[Start of section]

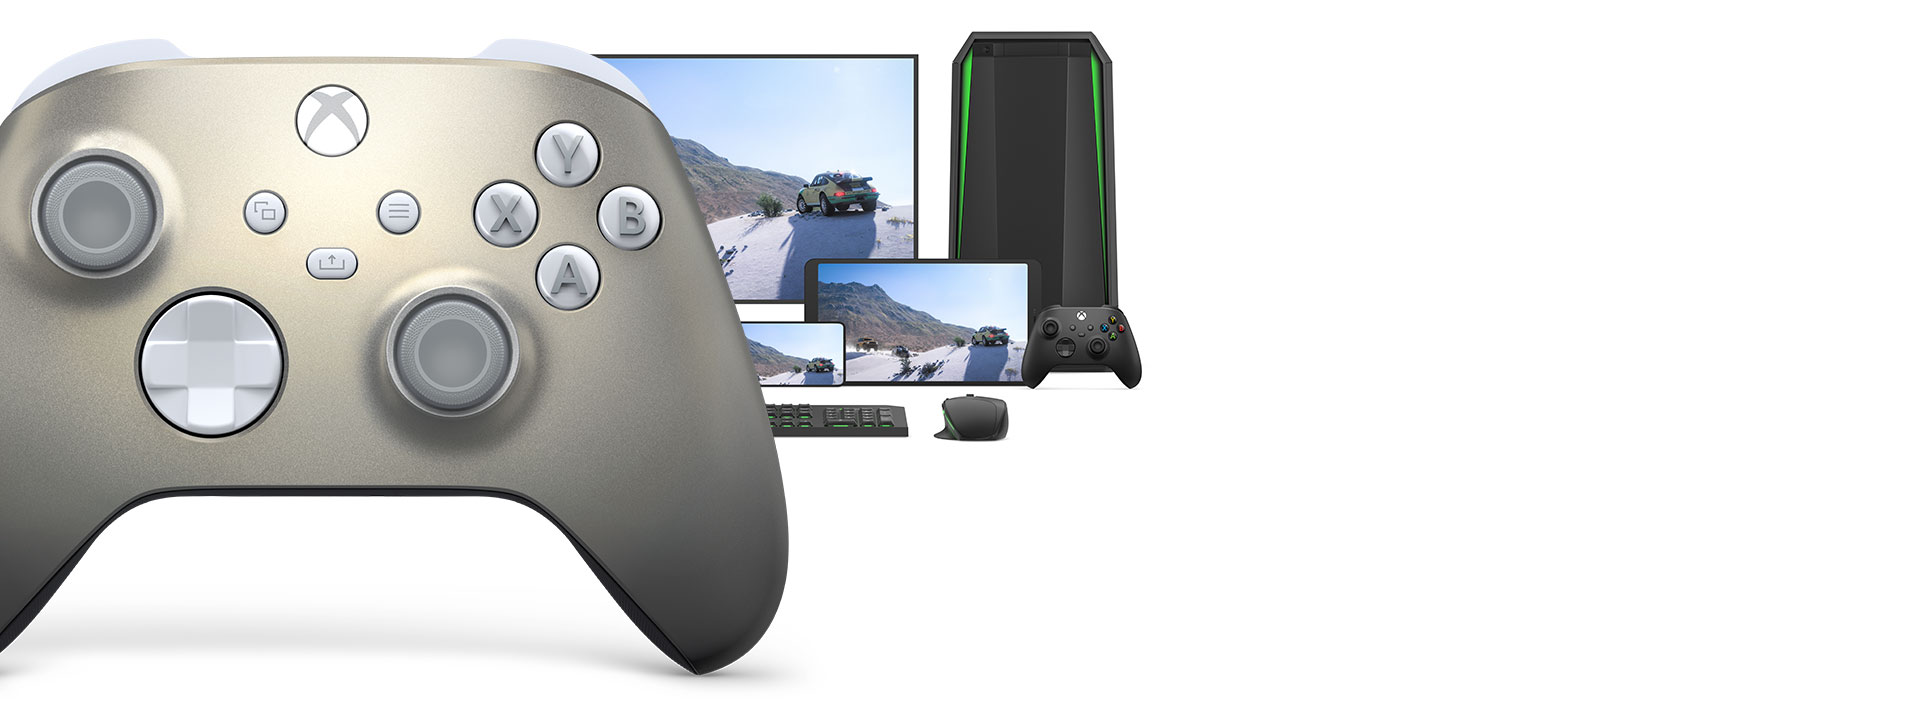 Kontroler bezprzewodowy Xbox w wersji specjalnej Lunar Shift razem z komputerem, telewizorem i konsolą Xbox Series S
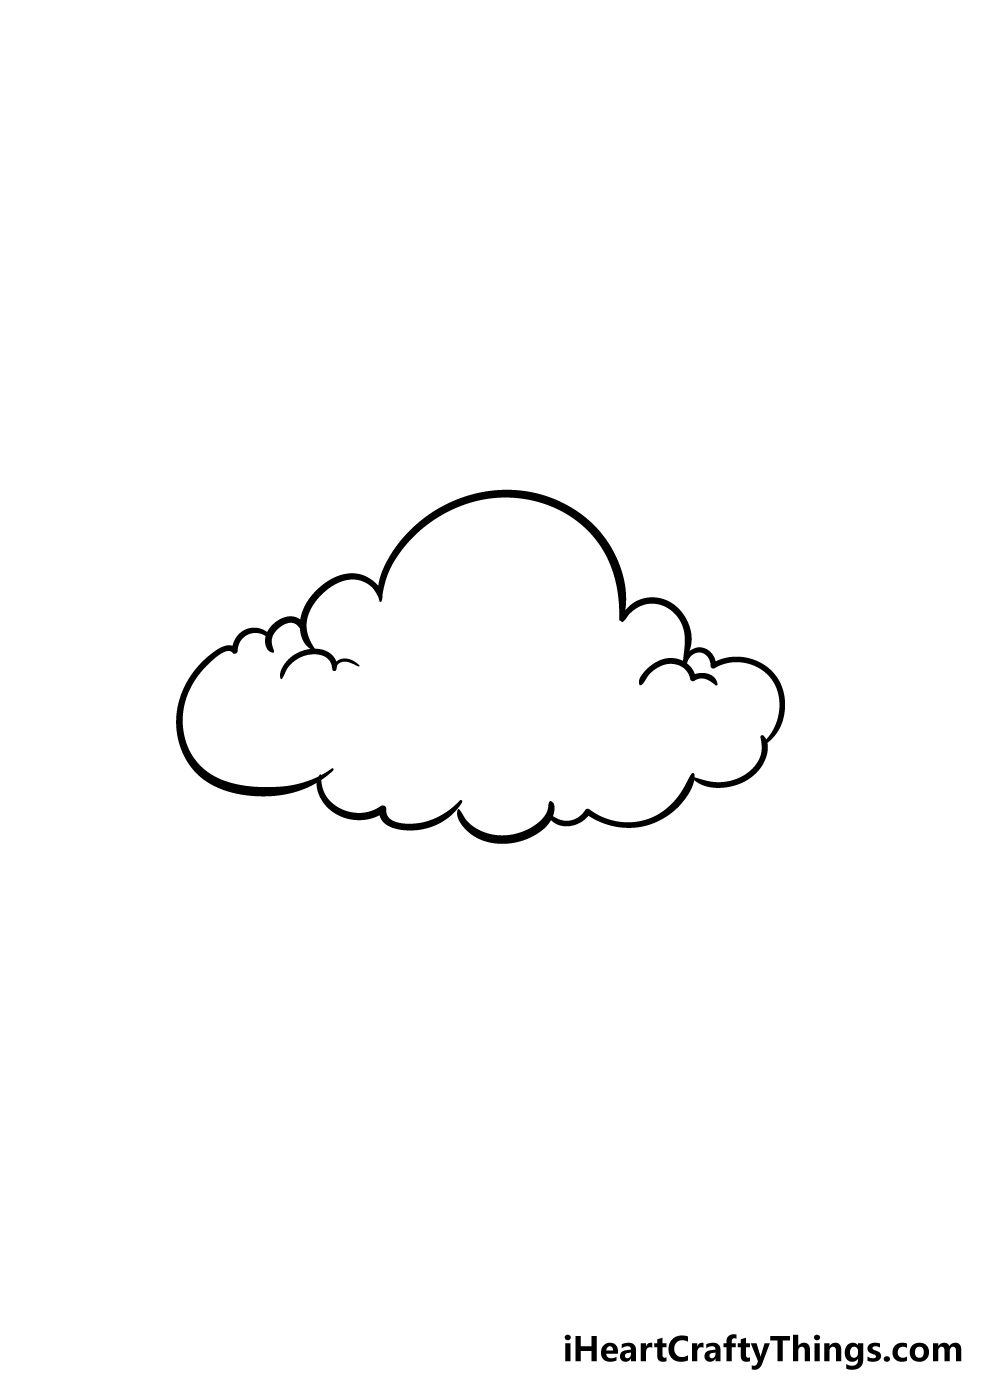 Cloud 5 1 - Hướng dẫn cách vẽ đám mây đơn giản với 6 bước cơ bản
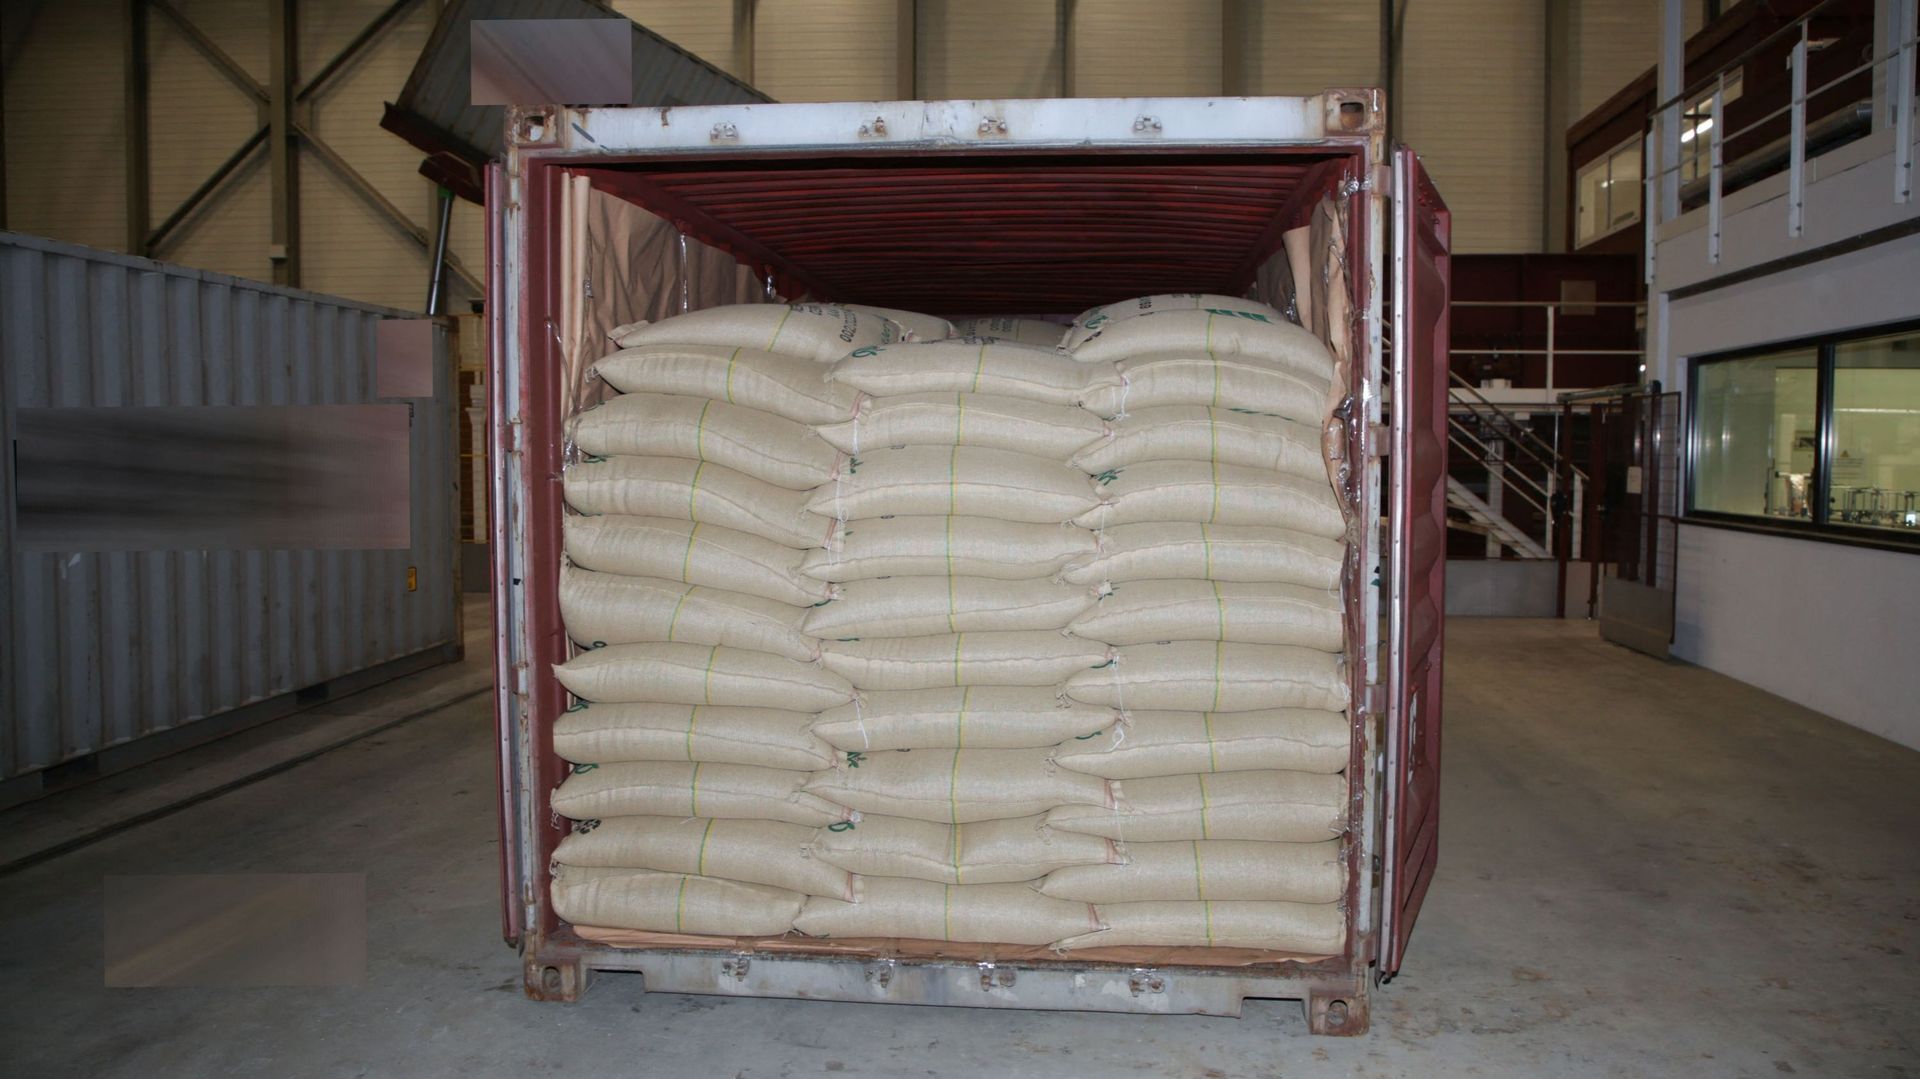 Cette photo, publiée par la police suisse du canton de Fribourg le 5 mai 2022, montre l’un des cinq conteneurs d’une cargaison de grains de café livrée à une usine Nespresso dans laquelle plus de 500 kilogrammes de cocaïne ont été trouvés.

[End of section]

In your answer, give every line of the listing above exactly, and do not include the images.

 Kontroler bezprzewodowy Xbox w wersji specjalnej Lunar Shift razem z komputerem, telewizorem i konsolą Xbox Series S
 Cloud 5 1 - Hướng dẫn cách vẽ đám mây đơn giản với 6 bước cơ bản
 Cette photo, publiée par la police suisse du canton de Fribourg le 5 mai 2022, montre l’un des cinq conteneurs d’une cargaison de grains de café livrée à une usine Nespresso dans laquelle plus de 500 kilogrammes de cocaïne ont été trouvés.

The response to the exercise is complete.